Re: "major" and "minor"

Hello, there, Monz and Paul and everyone, and please let me quickly
respond to the question concerning the terminology for "major" and
"minor" intervals.

First of all, I agree with Monz that the specific terms "major third"
and "minor third" (or Latin _tertia maior_ and _tertia minor_) are
characteristic of post-medieval European theory, although it would be
interesting to research the first uses in Latin or vernacular sources.

The usual terms I encounter in a more learned style of medieval
European theory are _ditonus_ and _semiditonus_ for the larger and
smaller regular thirds equal to 81:64 (~407.82 cents) and 32:27
(~294.13 cents) in Pythagorean tuning.

However, generic interval names like _tertia_ or _septima_ ("third"
and "seventh") may have come into use by around the 12th or 13th
century, and I might guess that the staff notation which became
standardized around the 11th-12th century era could have contributed
to this trend. Counting lines or spaces between notes might have
encouraged a focus on general interval categories, with either a
ditone (F-A) or a semiditone (E-G) at a visual distance of three
inclusive steps.

Now for the reference to the "perfect" and "imperfect" thirds of some
late medieval theory: the ditone or larger regular third is "perfect"
because it seeks expansion to the fifth, in 14th-century terms, while
the smaller third is "imperfect" because it tends to contract to a
unison. Thus according to Ugolino of Orvieto (c. 1425-1440), one
"perfects" a naturally minor third before a fifth by making it major
(to use the modern categories), or "colors" a naturally major third
before a unison by making it minor (e.g. E-G# before D-A; C-Eb before
a unison on D).

The categories of _tertia_ or "third" here are "perfect"
vs. "imperfect," synonymous with the later major and minor.

Around 1325, Jacobus of Liege speaks of _una tertia in semiditono_ or
"a third in the semiditone [form]," which tends to resolve to the
unison; and _una tertia in ditono_ or "a third in the ditone [form},"
seeking expansion to the fifth.

Interesting, Jacobus recognizes in theory three varieties of tone,
although regarding only the regular _tonus_ (9:8) as used in
practice.
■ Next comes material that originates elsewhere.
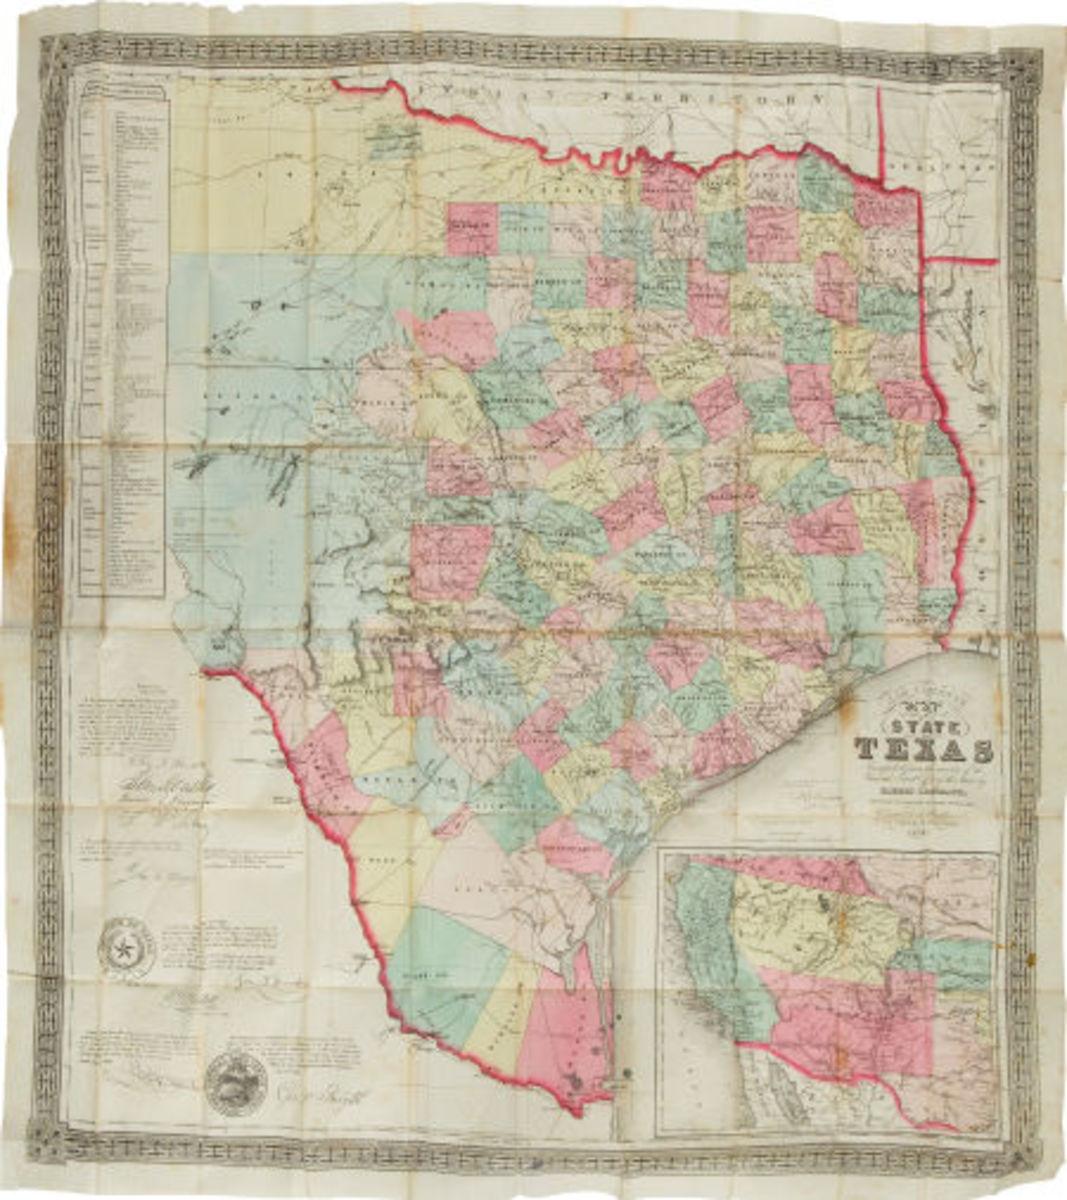 Jacob De Cordova. De Cordova's Map of Texas.

The _tonus maior_ or "major tone" consists of two major
semitones or apotomes at 2187:2048 (~113.69 cents), giving us an
interval at around 227.37 cents (smaller than 8:7 by a 3-7 schisma of
about 3.80 cents). The _tonus minor_ consists of two limmas or minor
semitones, the usual 256:243 semitones (~90.22 cents), giving us an
interval of about 180.45 cents (smaller than 10:9 by the 3-5 schisma
of about 1.95 cents).

Jacobus demonstrates, for example, that the _tonus maior_ is larger
than 9:8 but smaller than 8:7.

Anyway, the increasing use in medieval literature of informal Latin
terms like _tertia_ for both varieties of thirds might be linked both
to the popularization of basic theory (for example, in introductions
to discant or polyphony), where terms like _quarta_ and _quinta_ are
also used as alternatives to the Greek _diatessaron_ and _diapente_
(since the Greek terms mean "through four" and "through five," this is
closer to a translation than to a different naming system, as with
_tertia_ as a category including both _ditonus_ and _semiditonus_).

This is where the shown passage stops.